Stored data

....................

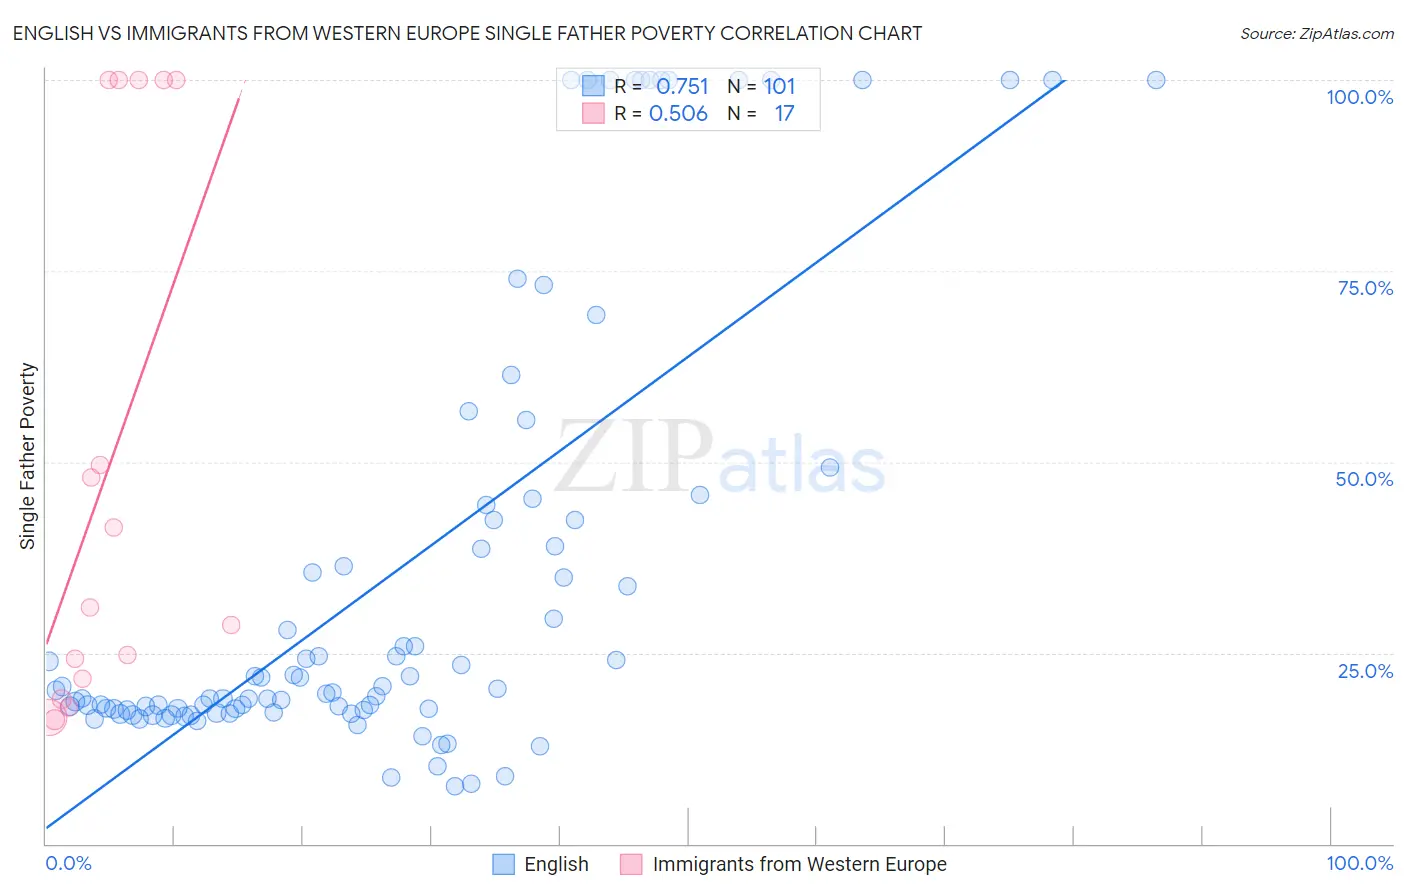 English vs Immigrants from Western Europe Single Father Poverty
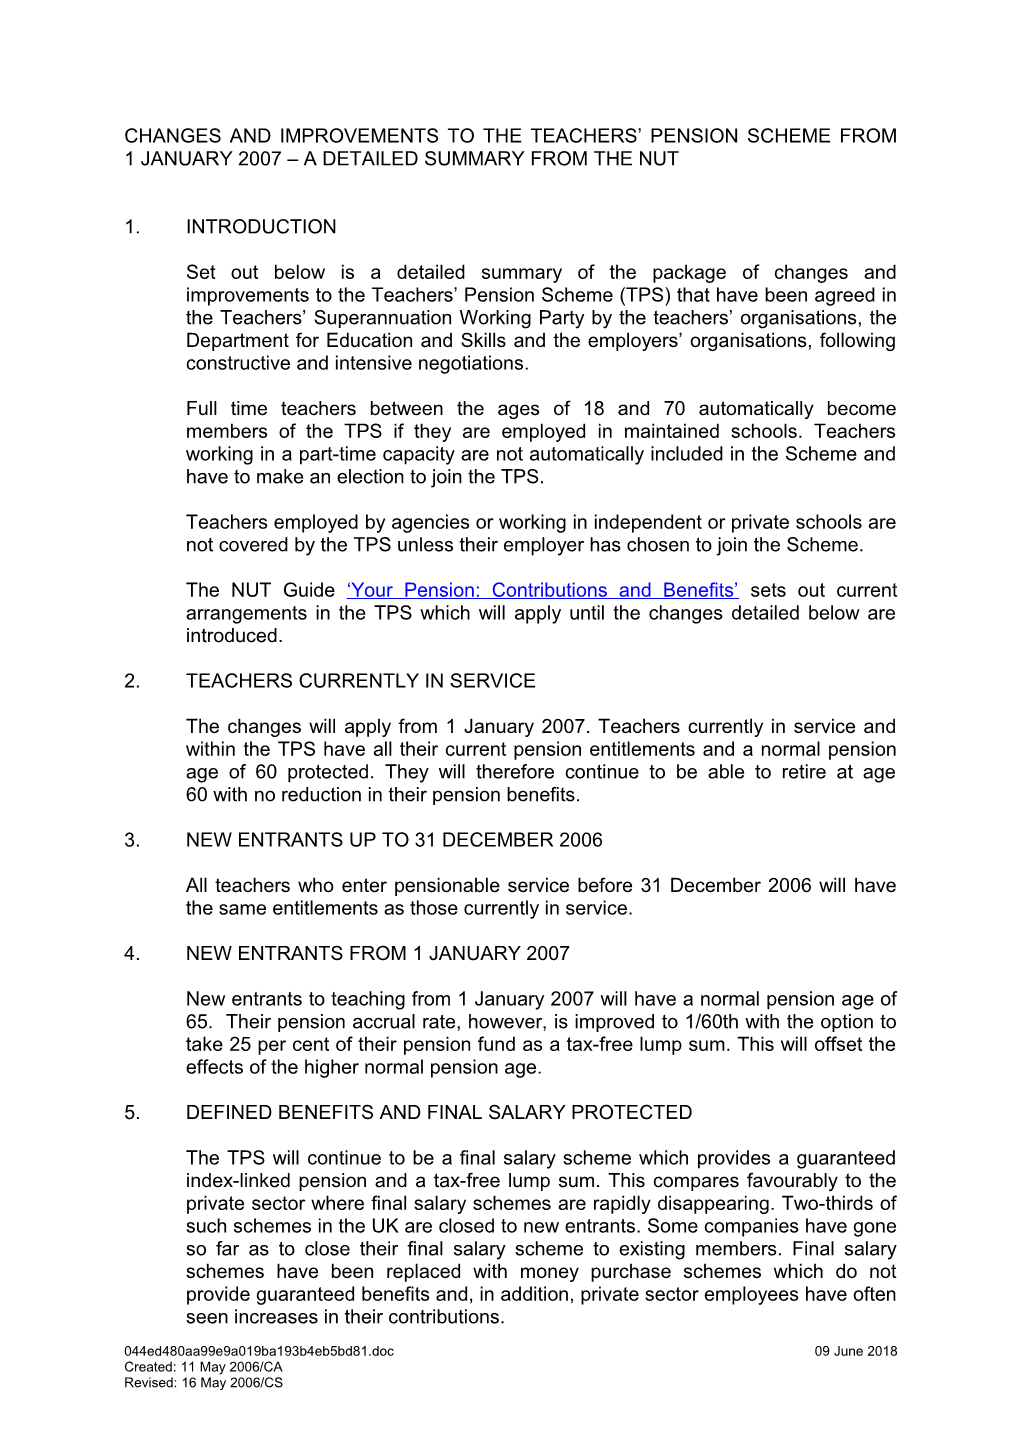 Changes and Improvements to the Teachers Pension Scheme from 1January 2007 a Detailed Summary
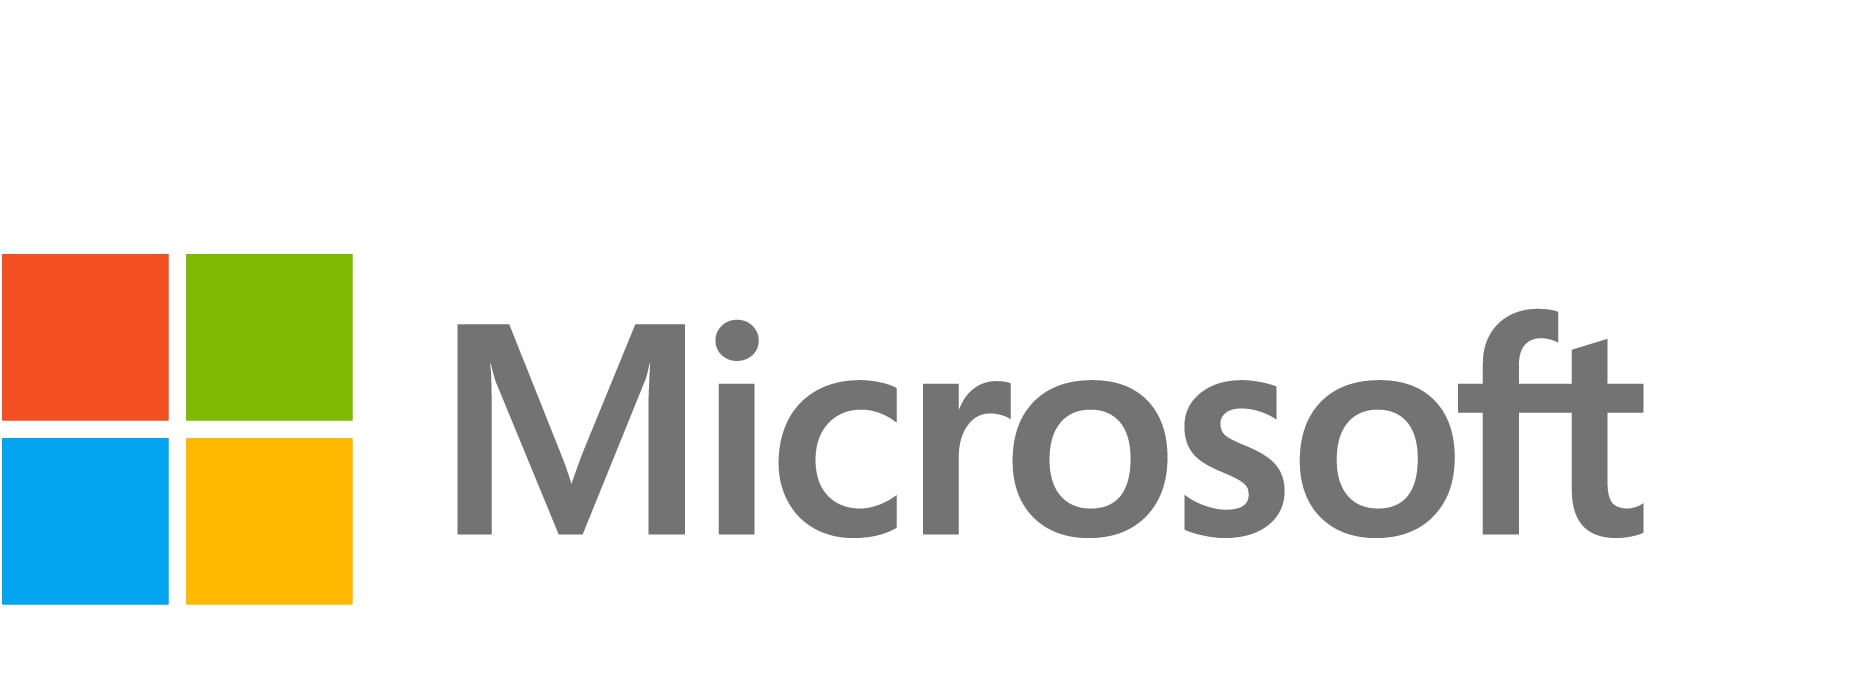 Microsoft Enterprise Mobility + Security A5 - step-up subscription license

....................

Problem description
The whole listing above should be restated word for word, minus any images.

Problem solution
 English vs Immigrants from Western Europe Single Father Poverty
 Changes and Improvements to the Teachers Pension Scheme from 1January 2007 a Detailed Summary
 Microsoft Enterprise Mobility + Security A5 - step-up subscription license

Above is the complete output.